The effect of APT-1011 on clinical symptoms of eosinophilic oesophagitis, endoscopic appearance, and oesophageal mucosal eosinophil count/eosinophilia was determined. The major outcomes was determination of safety and tolerability. The exploratory outcomes were assessment of histologic and endoscopic measures.
APT-1011 therapy led to an elevated decrease in oesophageal eosinophil counts, eosinophilic oesophagitis Endoscopic Reference Score, patient global assessment, and symptom-based eosinophilic oesophagitis activity index from baseline to end of therapy (Week 8) in comparison with placebo. No mortality, serious or severe treatment-emergent adverse events (TEAEs), and discontinuations from the trial associated with TEAE were witnessed.

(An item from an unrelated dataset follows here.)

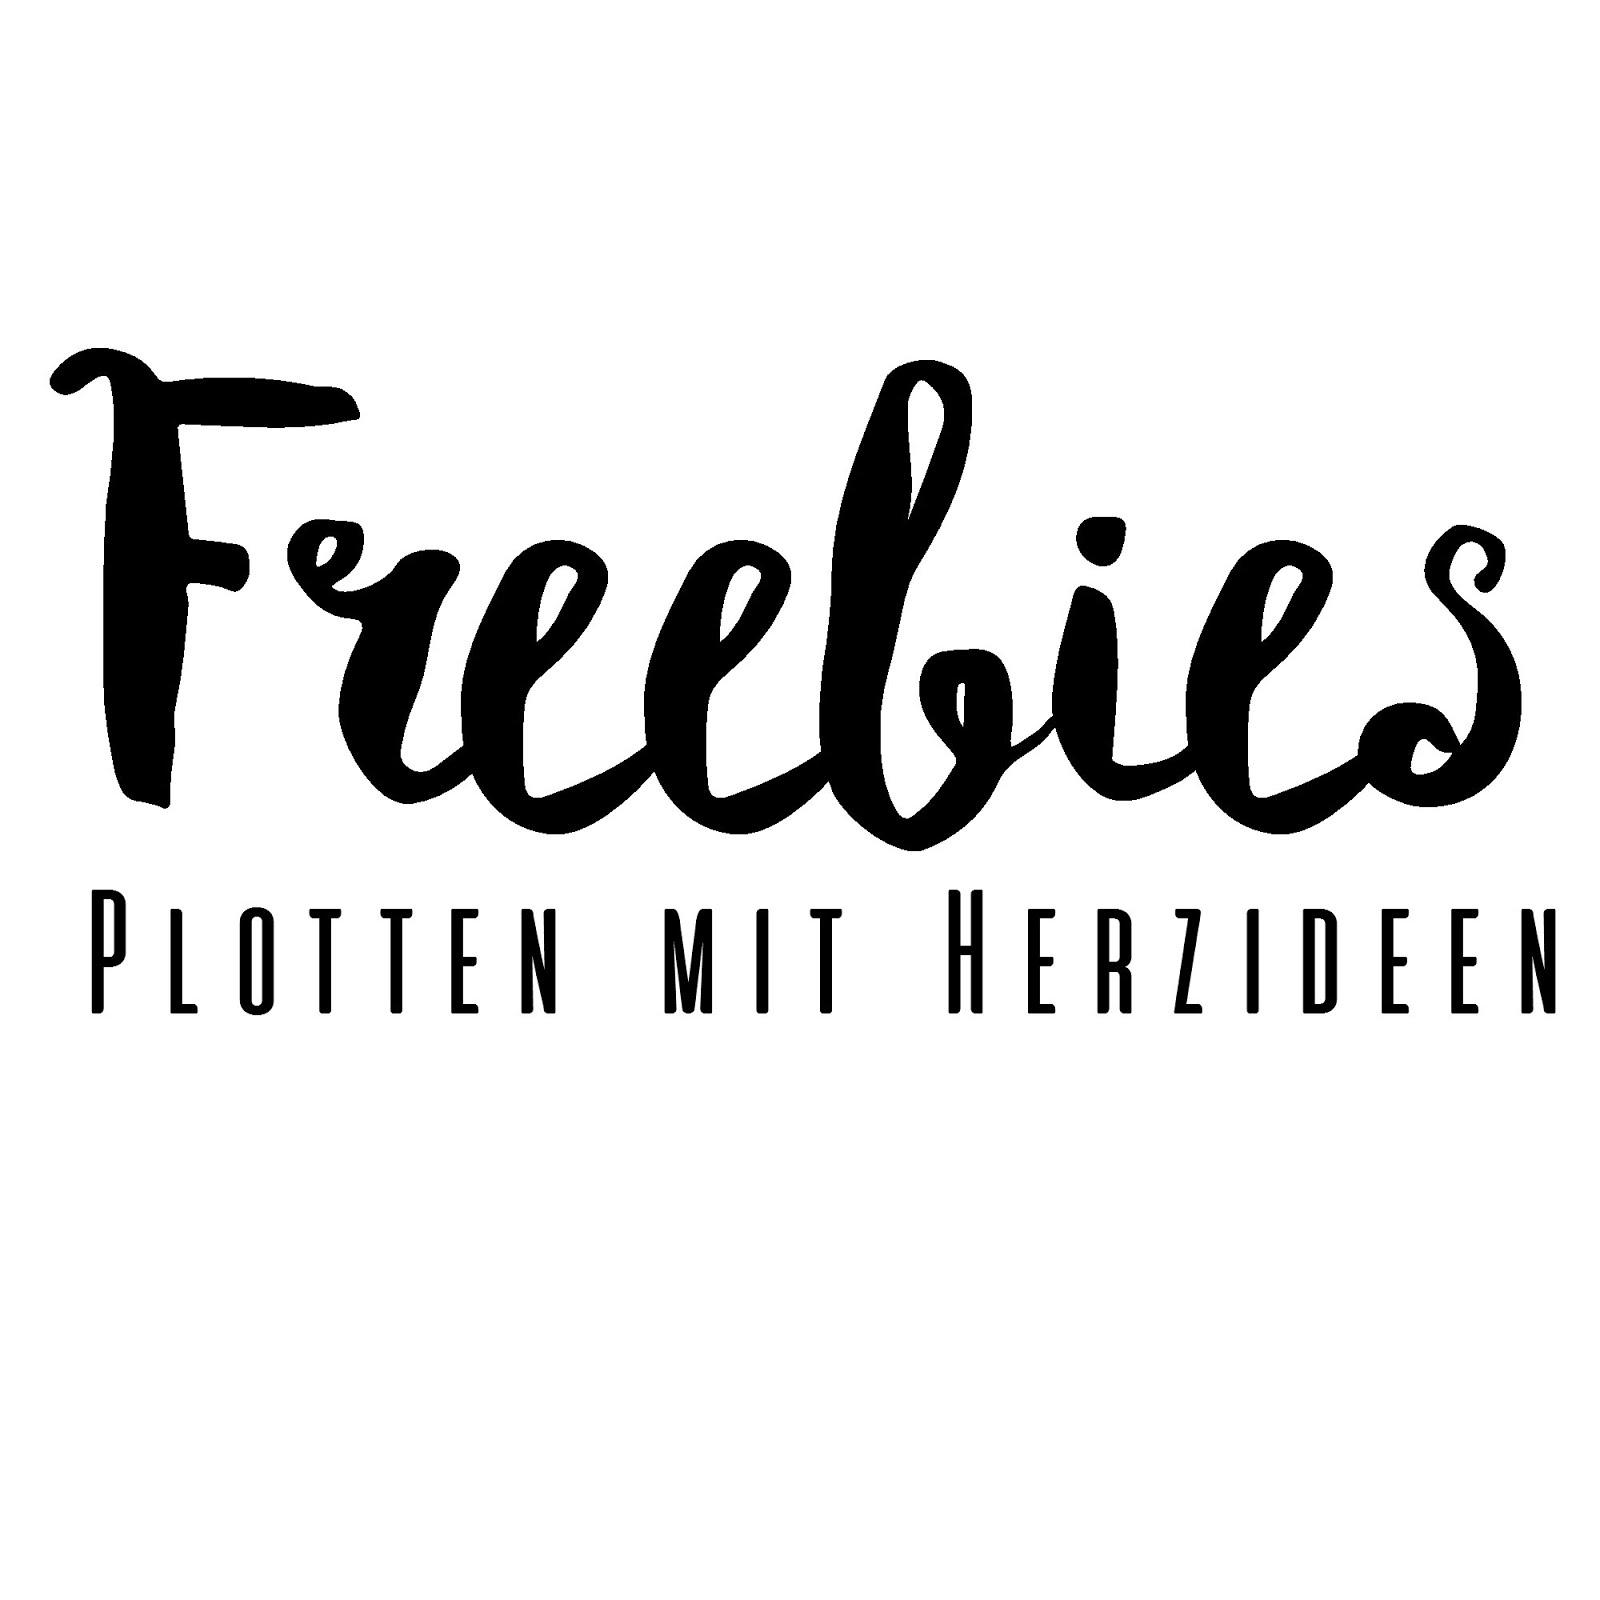 Plotterdatein for Free

In one individual allocated to 1.5 mg APT-1011, a decline in cortisol was noted, but without any proof of adrenal insufficiency. Exploratory efficacy outcomes illustrated improvement in symptoms, endoscopic and histologic findings. Thus, APT-1011, a new orally disintegrating tablet formulation of fluticasone is safe and well-tolerated and thus offers an effective therapeutic strategy to manage patients suffering from eosinophilic oesophagitis.
Fluticasone propionate found to improve nasal symptoms of seasonal allergic rhinitis
In a randomized trial, fluticasone propionate aqueous nasal spray 200 mcg used as needed (FP200PRN) was found to effectively treat nasal symptoms (nasal congestion, rhinorrhea, nasal itching, and sneezing) linked with seasonal allergic rhinitis in patients 12 years and older.
This study was carried out to explore the efficacy and safety of four weeks treatment with FP200PRN in 241 patients suffering from seasonal allergic rhinitis. Fluticasone propionate was also found to have a minimized occurrence of side effects in comparison with regular once-daily usage.